▶ [Stored data]:

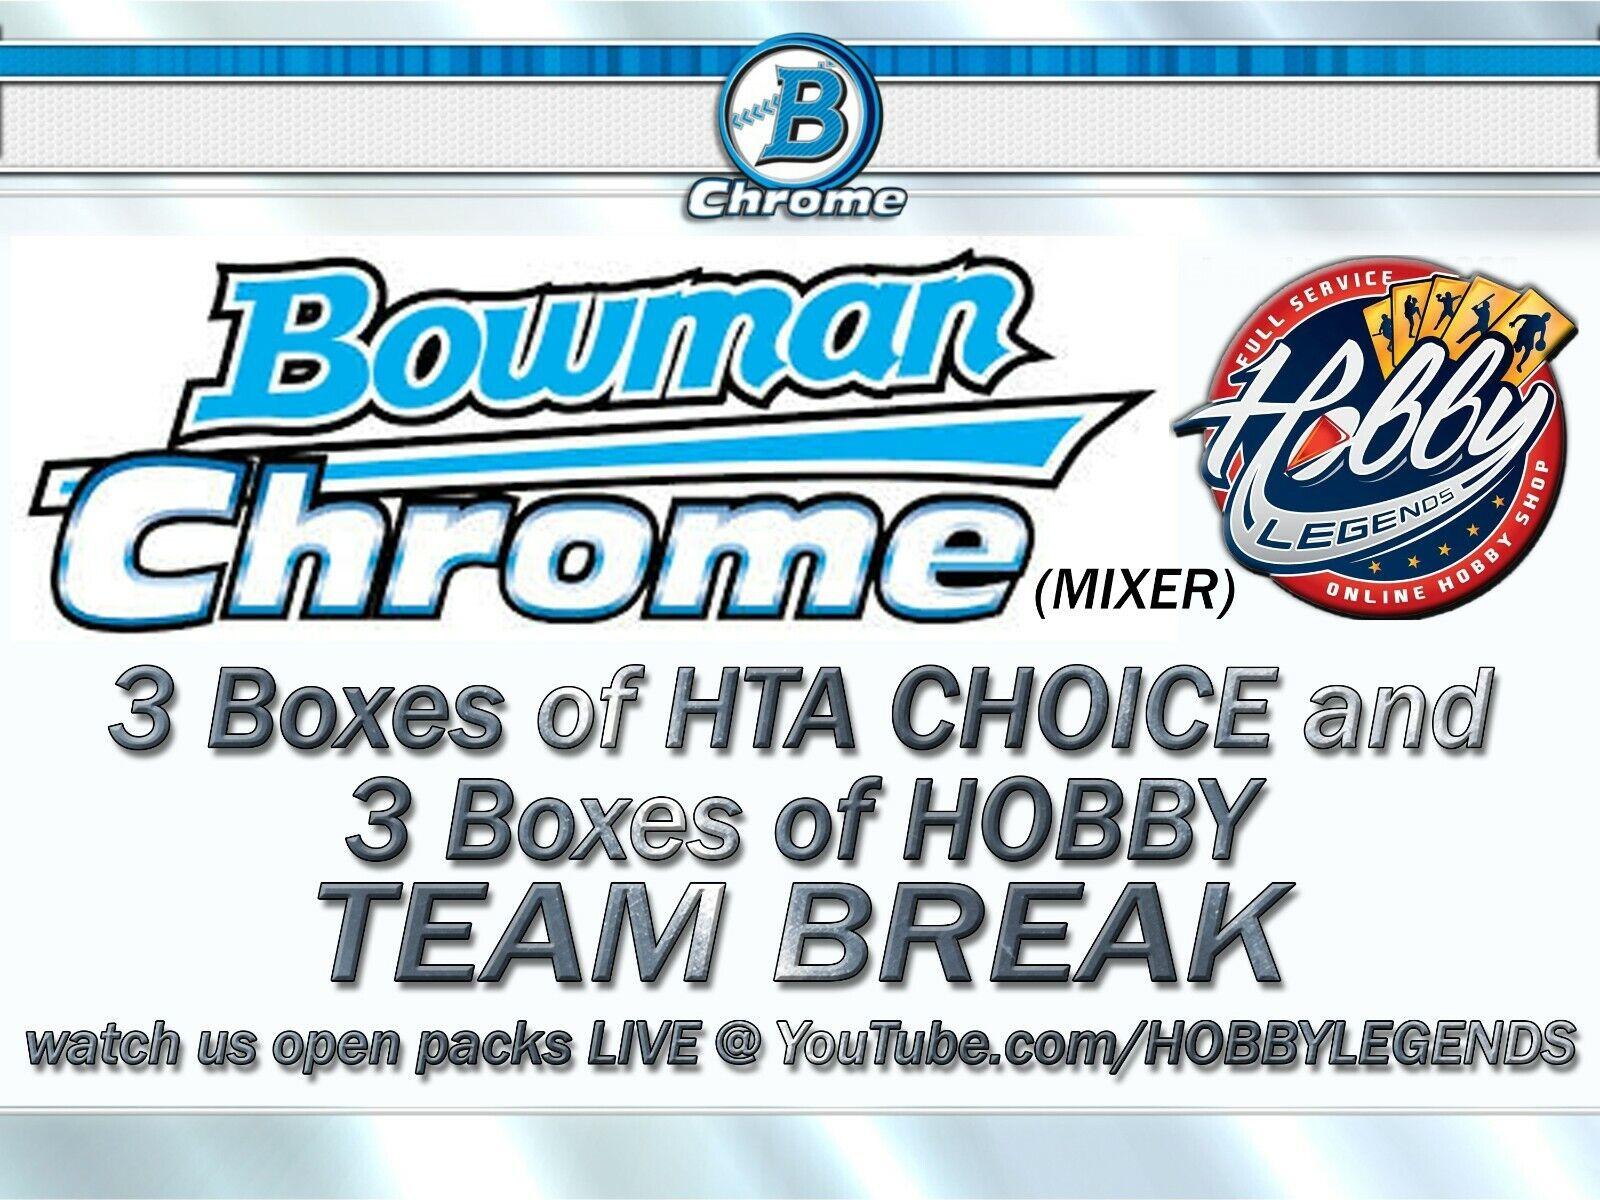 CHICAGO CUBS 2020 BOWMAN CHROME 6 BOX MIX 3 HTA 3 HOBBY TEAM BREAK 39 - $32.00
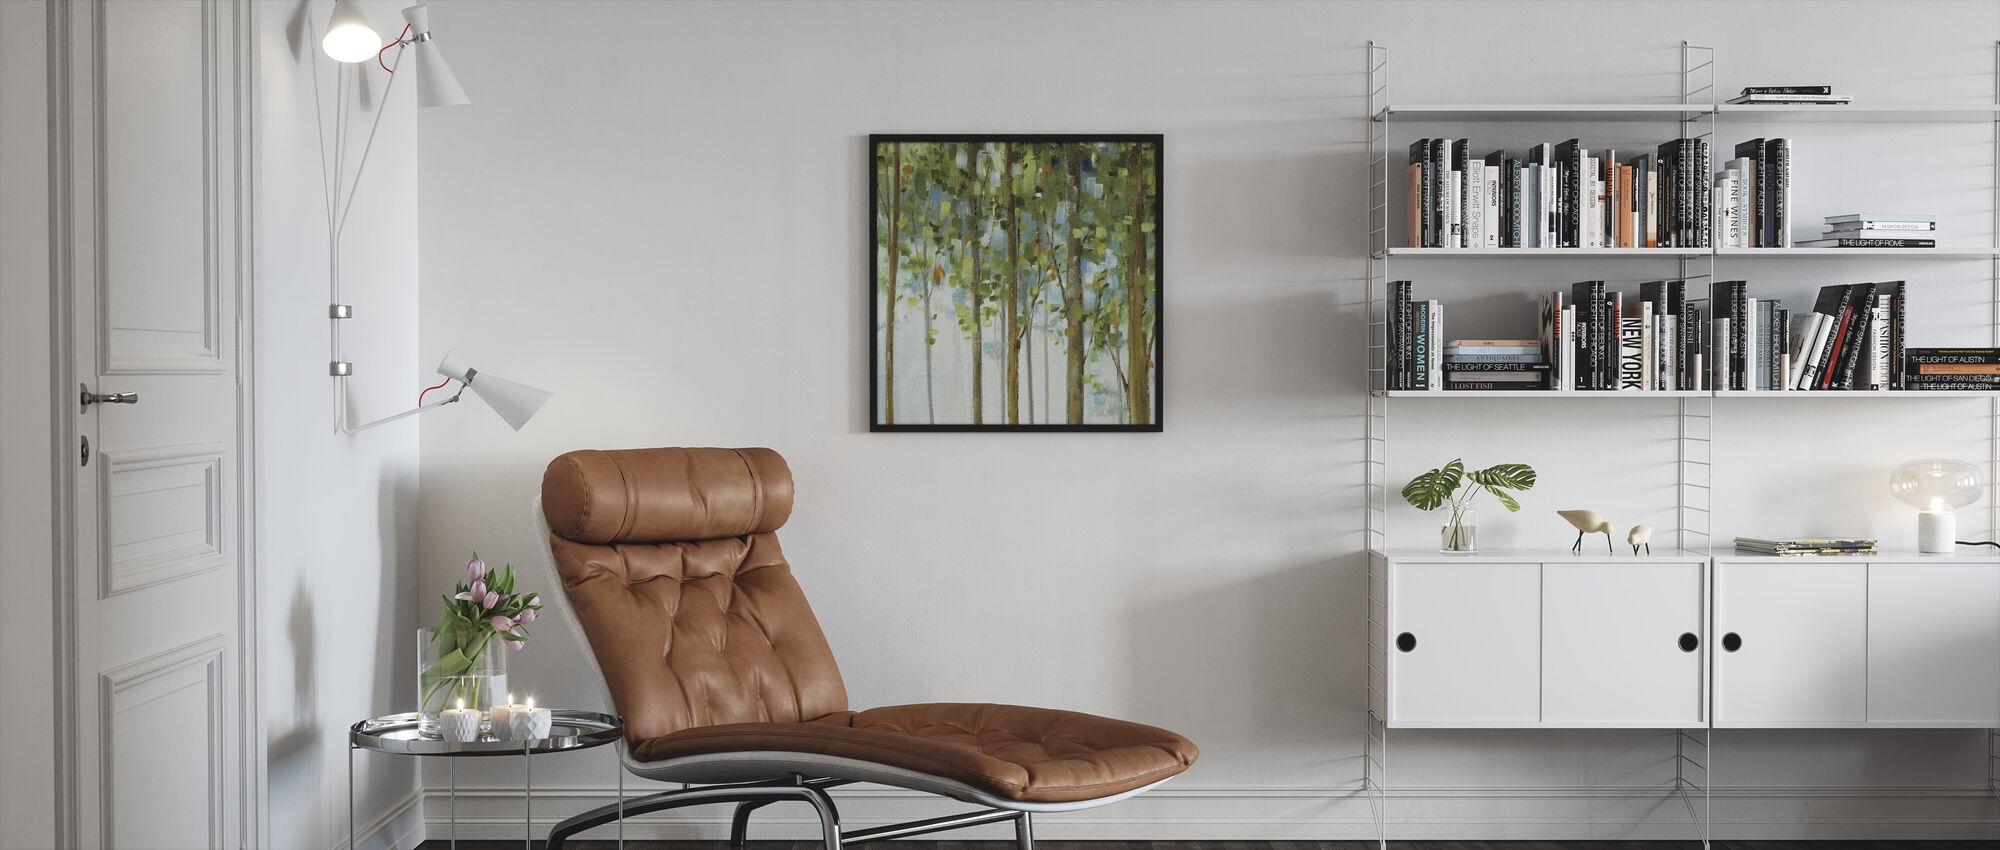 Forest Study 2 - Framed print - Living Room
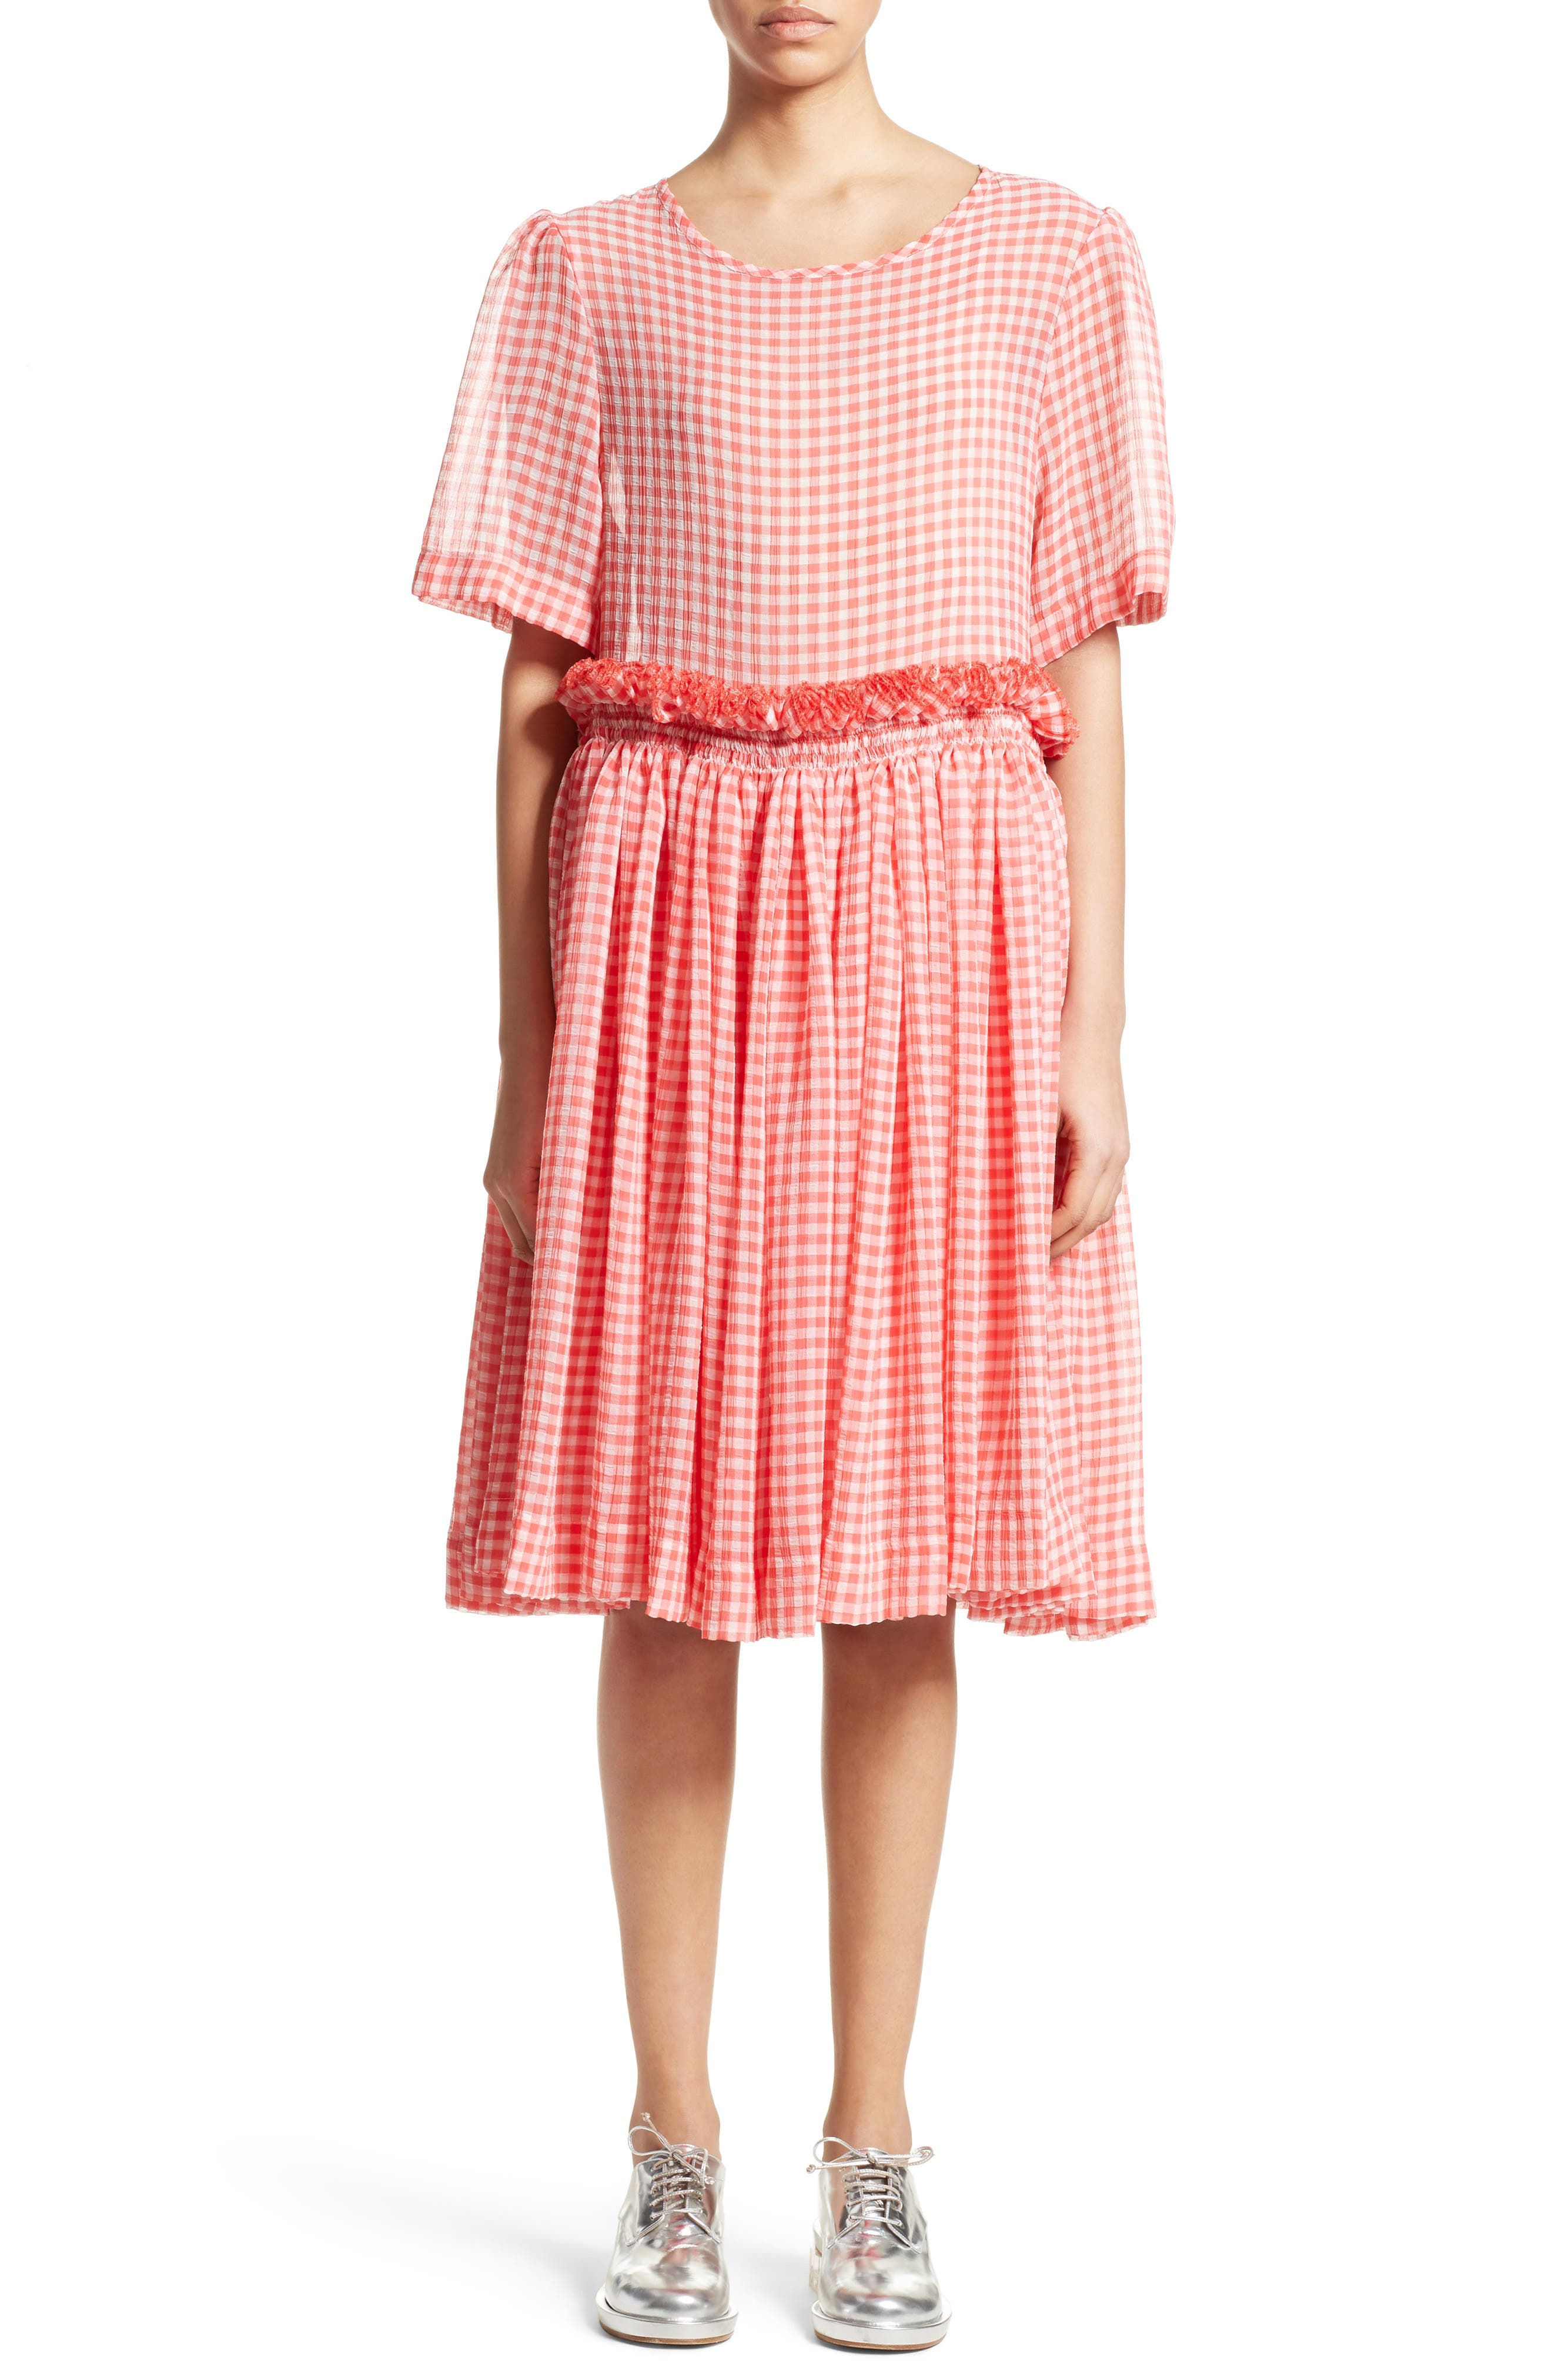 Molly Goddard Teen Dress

▶ [Exercise brief]: Write out every line of the listing exactly as written, and leave the pictures out.

▶ [Response to the task]:
 CHICAGO CUBS 2020 BOWMAN CHROME 6 BOX MIX 3 HTA 3 HOBBY TEAM BREAK 39 - $32.00
 Forest Study 2 - Framed print - Living Room
 Molly Goddard Teen Dress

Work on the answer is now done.